第二百三十七章:圖窮(1/2)
「唉……握瑜,你平時還是疏忽於鹿鳴的教導了,怕是也不夠關切他,讓山上的東西不小心鑽了空子。這是你的過失,你需得好好反省。」
許懷瑾單只一指頭,就將謝鹿鳴點滅,或許沒有人能夠想到,這個未來許會執長安塾之牛耳,光芒萬丈的天驕,就這樣倒在了爭權奪利的路上。
至少在只能看到表面的外人眼中是這樣。
隨著他那玉質的眸子失去神色,便已經註定了這個無論已經是或者不是人族的天驕,永遠的留在了這方暗室之中,與長安塾諸多被深藏的秘密,已經不能得見天日的醜惡為伴。
許懷瑾點完這一指,這個已經堪破聖境的老人原本應該毫無消耗,可在眾人看來,他好像又蒼老頹唐了些,眼底的落寞之色更甚——
這畢竟是謝鹿鳴,許握瑜與他都並無後裔,謝鹿鳴就算得上他們的親子侄。
他扭頭看向許握瑜,慈祥的臉上難得有些嚴苛地訓斥著,透著一股子學問之人的肅穆。
「是……兄長,握瑜過錯甚大,定然好好反省。」
許握瑜原本就有些低矮的身子在許懷瑾面前更顯得卑微,諸聖總覺得聖夫子與許聖是兄謙弟恭的,就算有相當一部分與許握瑜交好的聖人亞聖知曉這個「弟恭」可能並不是常人表面所見的那樣,但是至少聖夫子在對待這個幼弟上,是挑不出什麼毛病的。
然而眼下,他們卻看到了聖夫子的另外一面。
不過沒有人覺得有異,一塾之長,堂堂道果門閥的執牛耳者,若真是全然溫吞,那只會使得人看不起,更遑論是背陰山這樣的大事,的的確確有許握瑜失察的成分。

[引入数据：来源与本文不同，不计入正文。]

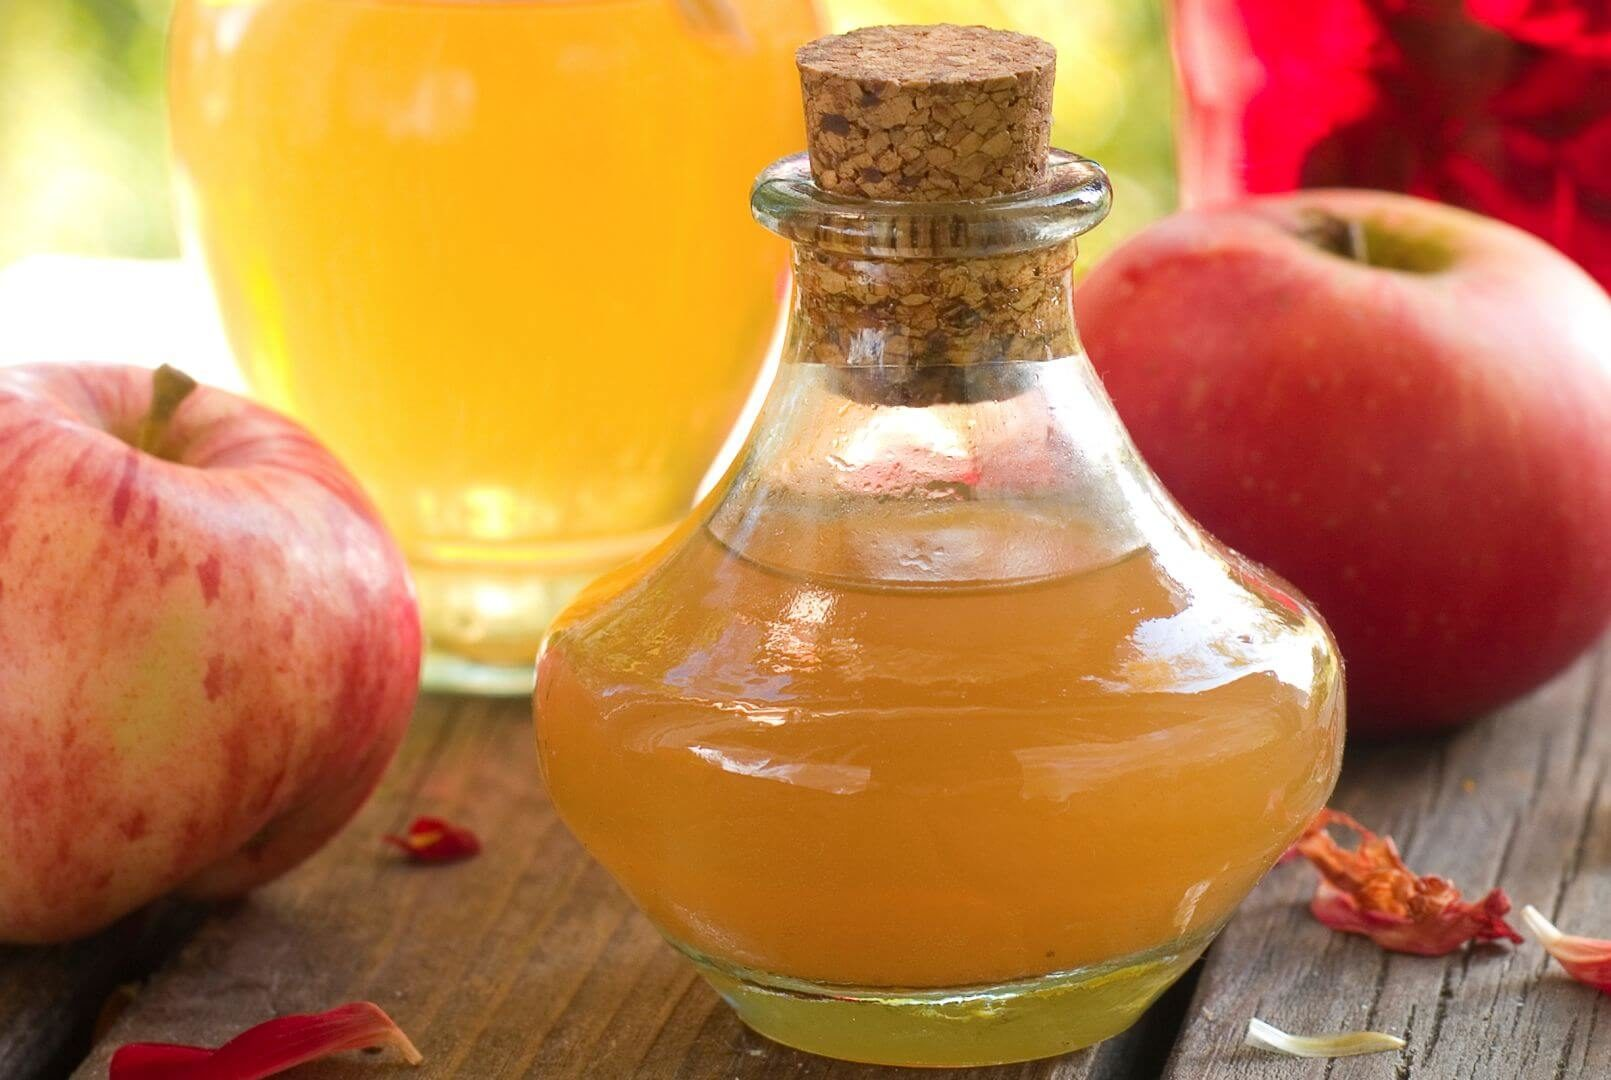 Ocet jabłkowy. Przepis, właściwości, zastosowanie, skład i zagrożenia. Hit czy kit? MINIKOMPENDIUM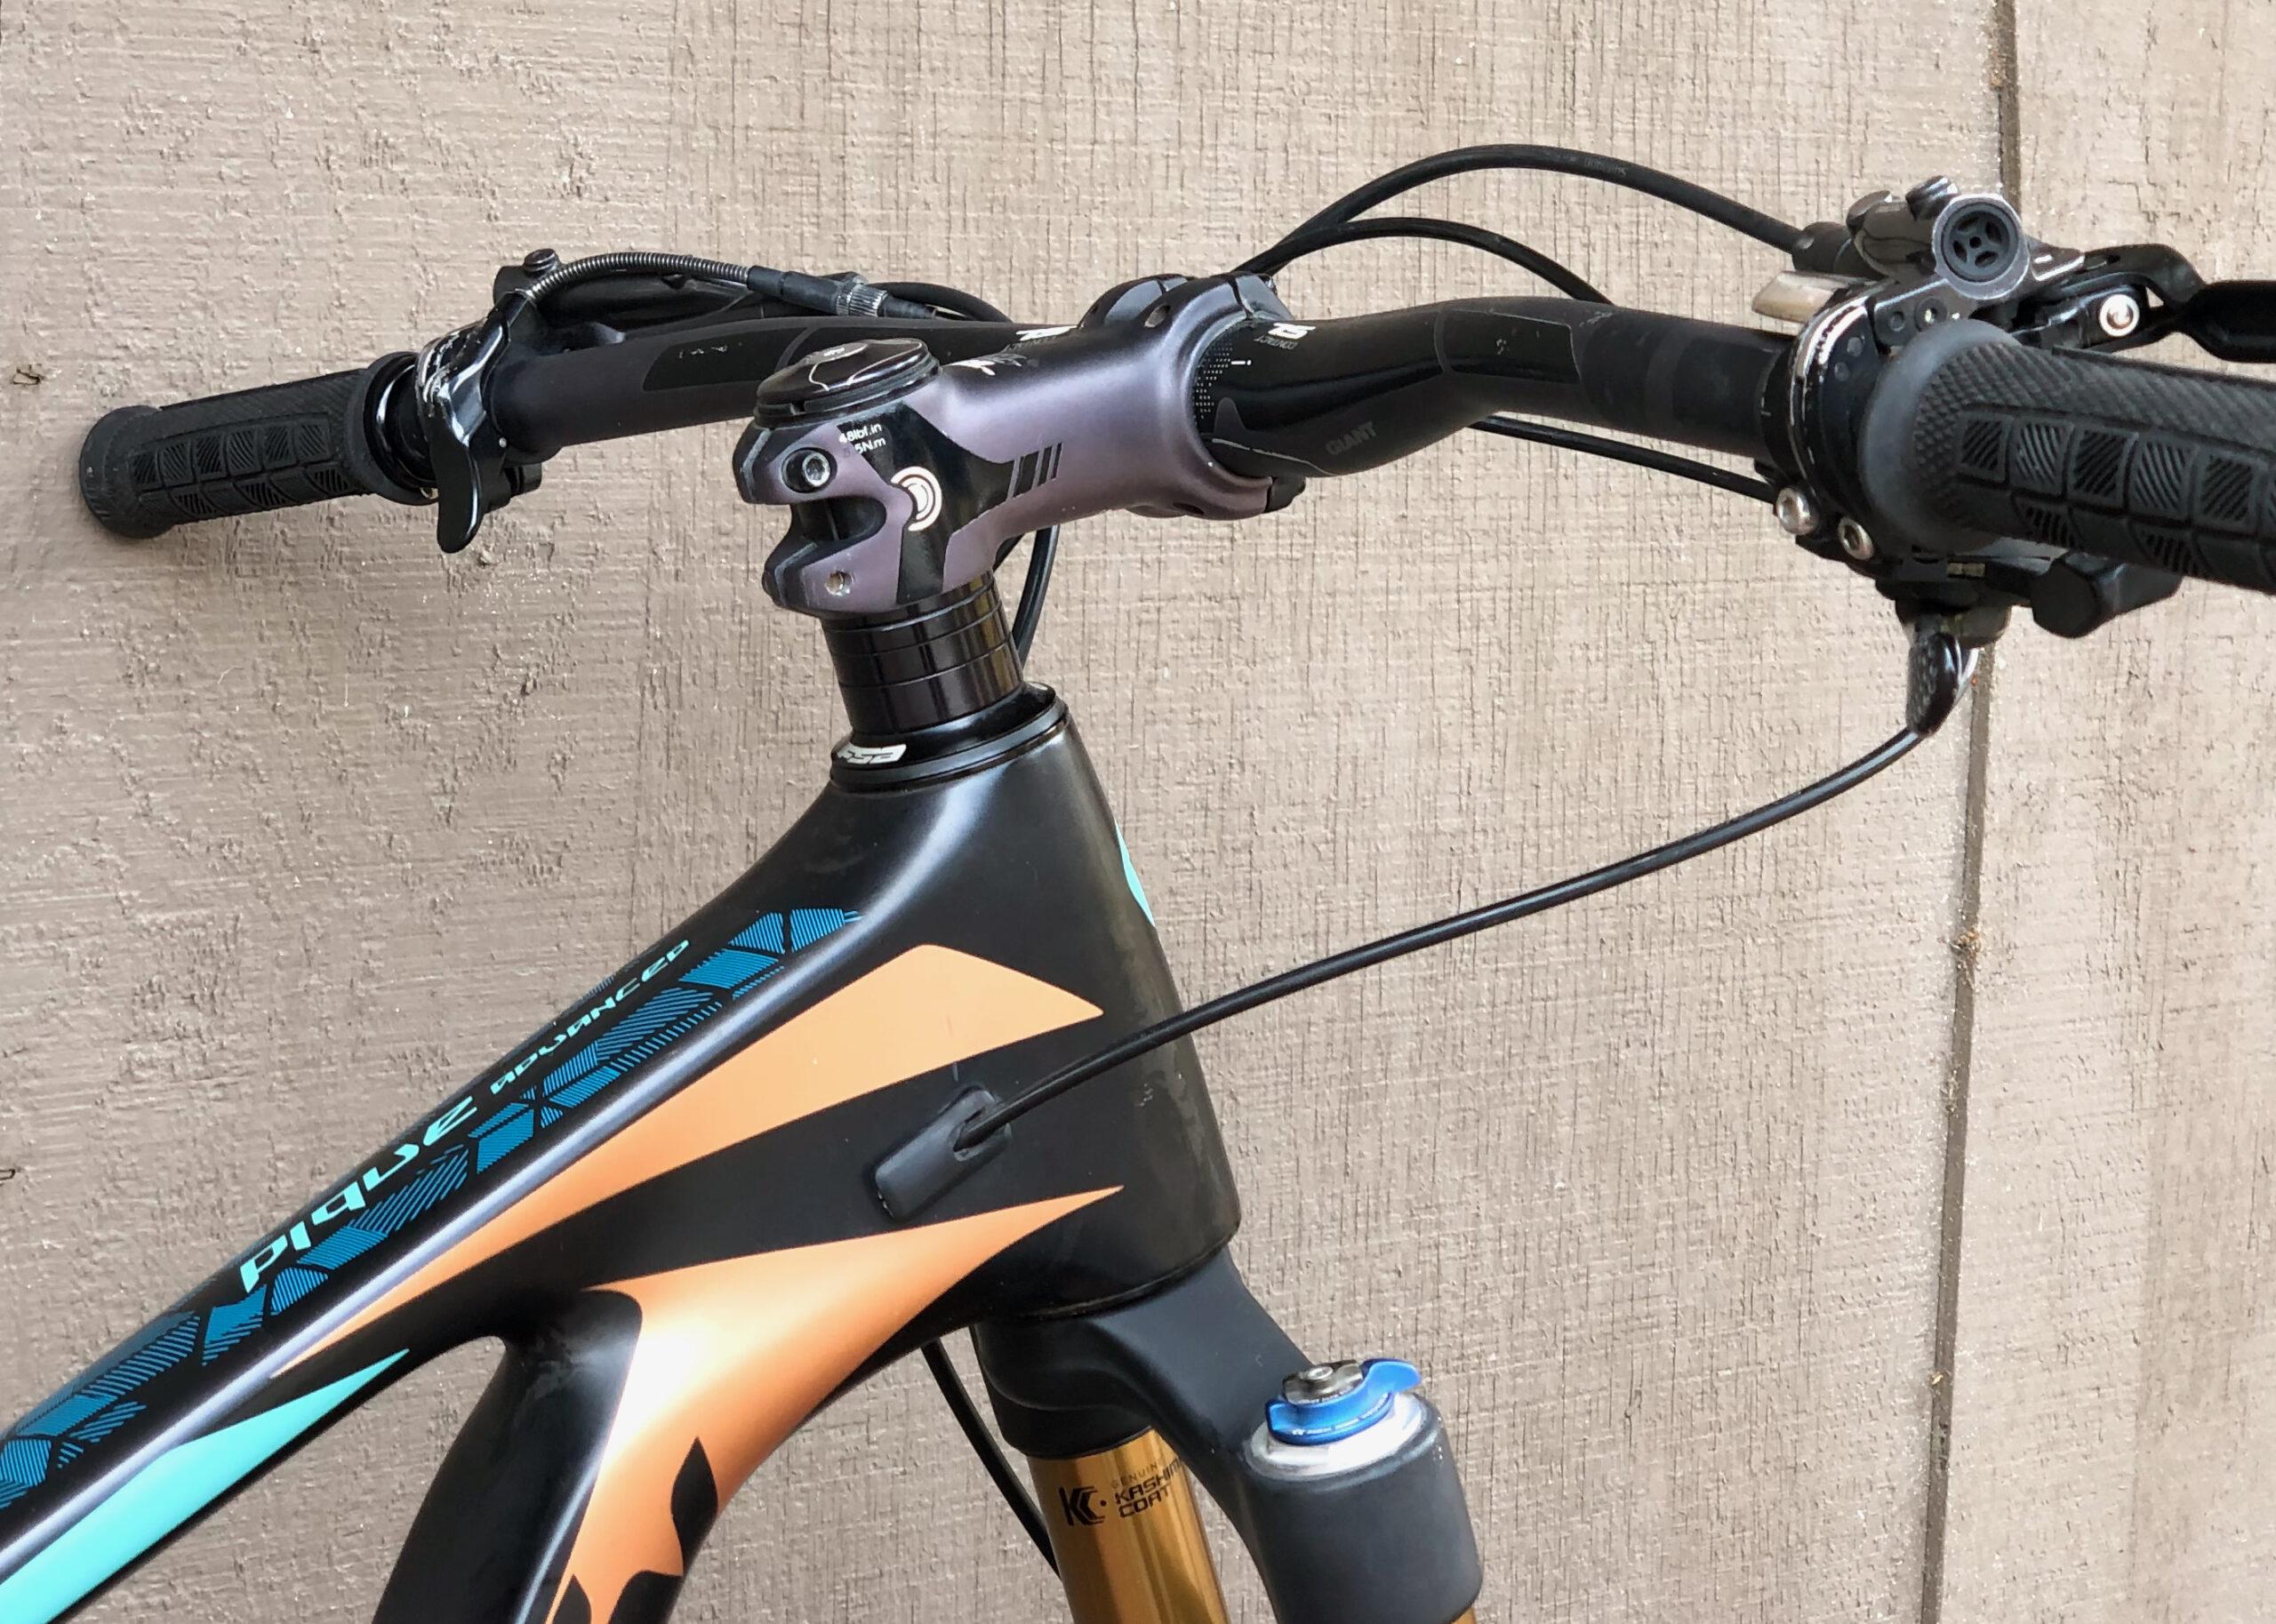 2017 Liv Pique Advanced 1 Women Carbon MTB XC Trail Mountain Bike 27.5 - Medium

「還有吳聖、崔聖……於都於夫子,你等三人輕信鹿鳴,沒有盡到長輩監管之責,責令你等潛心修學立說,學問沒到,期間不得插手塾內的一應事宜。」
這般懲戒倒是使得王選等人十分詫異,別看聖夫子言語裡說得是輕飄飄,但是實則是將崔、吳二聖以及於都的在長安塾裡頭的實權都收了回來,這幾人往後都不能光明正大的露面了——著書立說豈是那麼容易的事情?
對於二聖還好,修為明晃晃地擺在那兒,他人不得妄自評議,但是對于于都這種一貫權利心較重的,怕是無異於奪了好些東西。
「夫子,我等也是……」於夫子還想要向許懷瑾說些什麼。
「不必多言了。」許懷瑾的言語之中雖然有些中氣不足,但是那股子毋庸置疑的意味明眼人一聽便知。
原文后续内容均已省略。